German politicians have been urging action to combat a rise in hostility toward foreigners after skinheads last Sunday clashed with police in an eastern city where a man was fatally stabbed and two migrants were identified as the main suspects.

Skinheads raised their arms in Nazi salutes, chased people who appeared to be outsiders and wrestled with police in Chemnitz after police identified the suspects as a Syrian and an Iraqi.

The leaking of the arrest warrant for one of the two stabbing suspects to the anti-Islam group PEGIDA raised concerns that some justice officials in the state of Saxony, where Chemnitz is located, were sympathetic to the far right.

"We will not allow the extreme right to infiltrate our society," Justice Minister Katarina Barley told the Bild am Sonntag newspaper on Sunday, urging authorities in Saxony to investigate far-right groups.

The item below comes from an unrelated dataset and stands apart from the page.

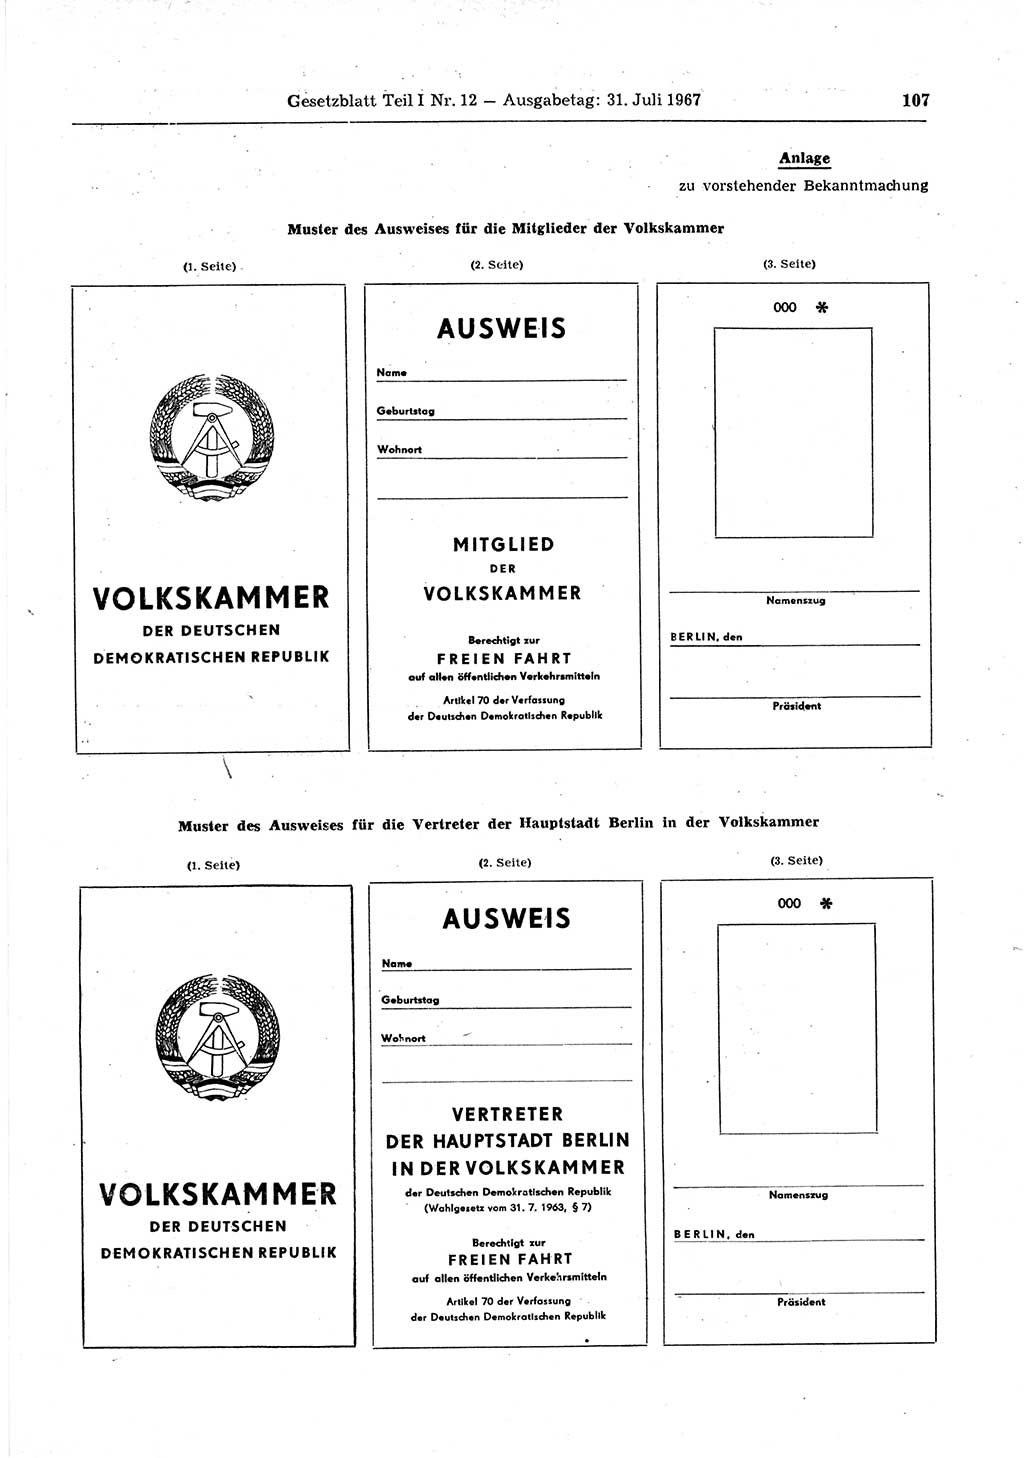 Gesetzblatt (GBl.) der Deutschen Demokratischen Republik (DDR) Teil Ⅰ 1967, Seite 107 (GBl. DDR Ⅰ 1967, S. 107)

Chancellor Angela Merkel's liberal immigration policy remains deeply divisive in a country that has taken in more than 1.6 million people over the last four years.

The influx contributed to the rise of the Alternative for Germany (AfD) party, which entered parliament for the first time in an election last year with a campaign that proclaimed Islam to be incompatible with the German constitution.

Some 8,000 people took part in a demonstration organised by the AfD and the anti-Islam group PEGIDA in Chemnitz on Saturday. About 3,000 people attended a rival protest by leftist groups.
Police said on Sunday that the demonstrations were largely peaceful.

Leftist groups will hold a concert in the city on Monday to denounce xenophobia and hatred against refugees and foreigners.